I remember the stripes. Deep purple at the centers, brighter towards the edges, and at last a glowing red. I remember how they hurt, how they burned like fire when touched.
Sometimes the center of a stripe would be red, too. That happens when there's no more skin there.
I remember the terror.
You had to relax.
You'd hear the whistling sound, and then the blow would fall, and you can't help but tense up then, you can't, it's automatic—just something the body does on its own—but you have to relax quick, because there's the whistle again, as fast as a hand can rise and fall, and the pain's coming back. If you don't relax, it'll hurt worse. If your muscles are tense, they'll be shredded a little bit. Pieces of them can get in your bloodstream, make it to your heart, kill you. Kids have died that way.
You have to relax.
I got real good at it. It's a skill, being able to let go of the tension a split second after pain like someone's pressed a hot brand to your backside, but I could do it.

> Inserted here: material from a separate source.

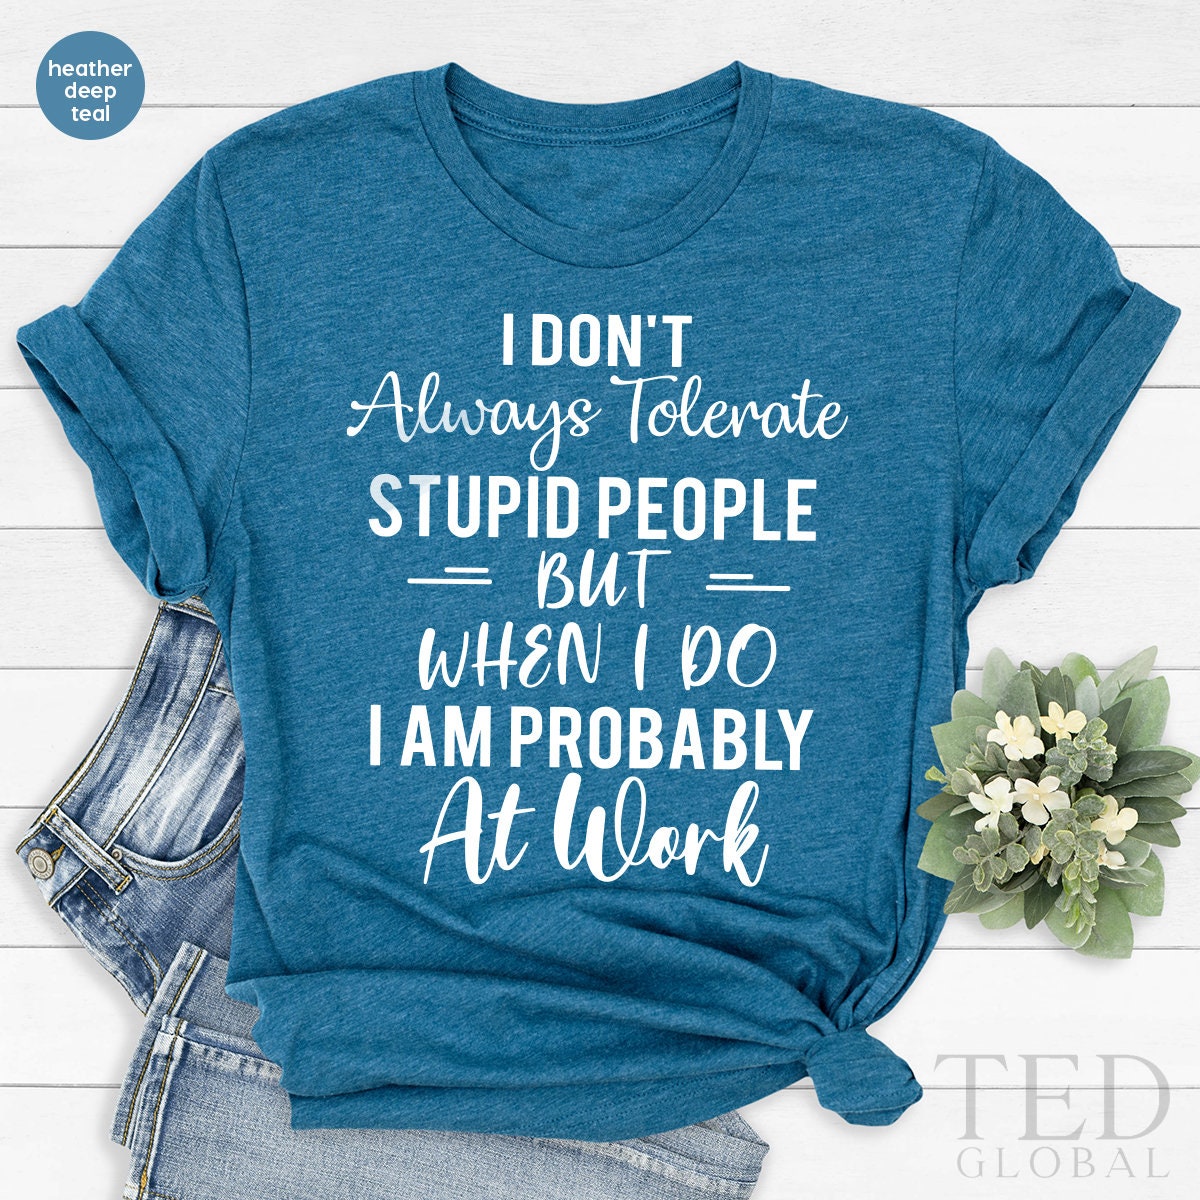 Sarcastic Co-Worker T-Shirt, Always Tolerate T Shirt, Funny Boss Gift, Collage Shirts, Employer TShirt, Funny Work Tees, Stupid People Tee - Fastdeliverytees.com

They used to use paint mixing sticks.
You know those cheap wooden ones you used to be able to get for free at Home Depot?
But they broke them on me too many times, and those got splintery when they busted—might leave scars. You never want to leave permanent marks on a kid. Never know what trouble that could cause you, in this sinful, secular world.
I was five, I think, when they switched to those thin little black rods. Some kind of plastic, I think, about the width of a pencil.
Mom sharpened the ends of them in a pencil sharpener.
Nasty, whippy little things. They bit deep, but ate skin away real slow. No permanent marks. The impermanent ones were real colorful, though.
"Take off your pants," they'd say, and you'd do it, shaking and trying not to cry, but it's hard when you're only five and you're so, so scared. "Bend over," they'd say, and you would. No point in running. They'd only catch you and beat you more, harder.
They'd count it out. Each stroke.
You couldn't scream. If you did, they'd add more. Screaming is defiance. It's bad. You're bad—even worse than you already are—if you scream.
At first you can't help it. You're so scared, and it hurts so much. But you learn.
I can be real quiet when I'm hurting.
I learned early.
You gasp, and you shake, and you feel like you're being cut and burned at the same time, and you feel your body tense up like every muscle in you wants to pull in where it can't be got at, but there's nothing you can do and you can't get away, and there's water in your eyes so you can't see, everything's blurry, and you can't stop shaking but you have to relax! relax! and you can hear the rod coming back down and all the noise you're allowed to make is a terrified whimper, and they're counting, they're counting, it has to stop soon, just don't cry out and it has to stop soon.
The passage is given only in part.